Publicado por Anagrama en su colección Narrativas hispánicas, Besos humanos ordena la prosa dispersa de Francisco Ferrer Lerín en un recorrido que evita tanto la novela como el libro de cuentos convencional. Las piezas son breves y de naturaleza cambiante: un encuentro imposible con Drácula en un castillo aragonés, una crónica clínica y obscena en un pinar del Vallés, la parábola de un hombre que fracasa una y otra vez por exceso de método, la queja de un narrador que no puede escribir un relato porque el nombre de un pájaro le resulta insoportablemente insulso. Cada texto establece sus propias reglas y las agota antes de que el lector termine de aceptarlas.

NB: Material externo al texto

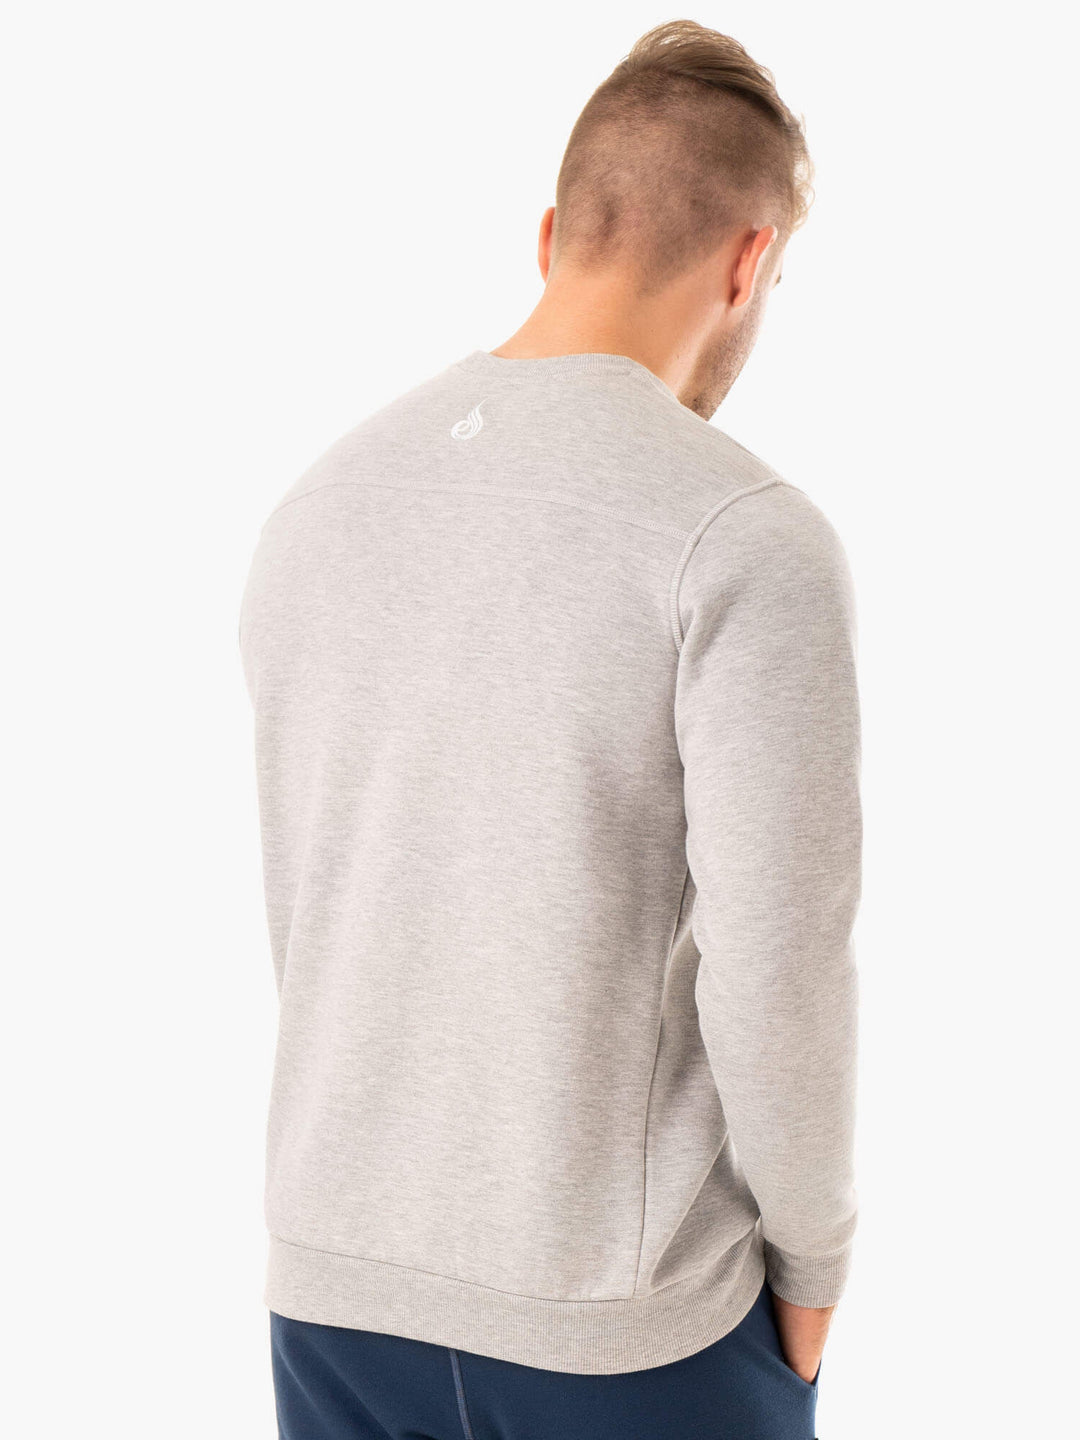 Recharge Pullover - Grey Marl Clothing Ryderwear

El centro gravitatorio del libro está en la naturaleza, pero no en su versión amable. Ferrer Lerín escribe desde el conocimiento directo del naturalista: gestiones municipales para instalar un comedero de buitres en los años sesenta, cámaras frigoríficas de zoológico, restos animales repartidos por farallones del Prepirineo, censos de quebrantahuesos y águilas, discusiones sobre venenos, muladares y hábitos tróficos. Esa precisión técnica no se presenta como divulgación, sino como material narrativo: los datos, las fechas exactas y los nombres científicos conviven con leñadores que describen bestias imposibles y con huellas en el barro que nadie sabe atribuir. La frontera entre observación y fábula queda deliberadamente sin trazar.
Junto a ese eje aparecen otros registros. Hay prosa autobiográfica sobre el cuerpo y su deterioro, con un humor seco que desactiva cualquier patetismo; hay estampas de crudeza sexual y violenta narradas con una frialdad casi notarial; hay sueños urbanos de ciudades vacías, cadáveres y aves; hay fragmentos que son puro proyecto de relato, argumentos esbozados que el autor comenta en voz alta en lugar de desarrollar. Varias piezas caben en un párrafo, y alguna en una sola línea, sin que el efecto se resienta.
Lo que sostiene el conjunto es una voz reconocible: erudita sin solemnidad, atenta al léxico raro y a la etimología, capaz de pasar del término académico al golpe brutal en la misma frase. El desagrado nunca es gratuito ni busca escandalizar; funciona como método de observación, la misma mirada que examina un esqueleto o un festín de buitres sin apartar los ojos. La selección de Echevarría subraya esa continuidad entre el poeta, el naturalista y el prosista, y el epílogo sitúa una obra que ha circulado durante décadas al margen de las corrientes dominantes de la narrativa española. Besos humanos se lee bien de forma salteada, pero recompensa la lectura seguida: los motivos regresan, las criaturas se repiten y el libro acaba revelándose más unitario de lo que su índice sugiere.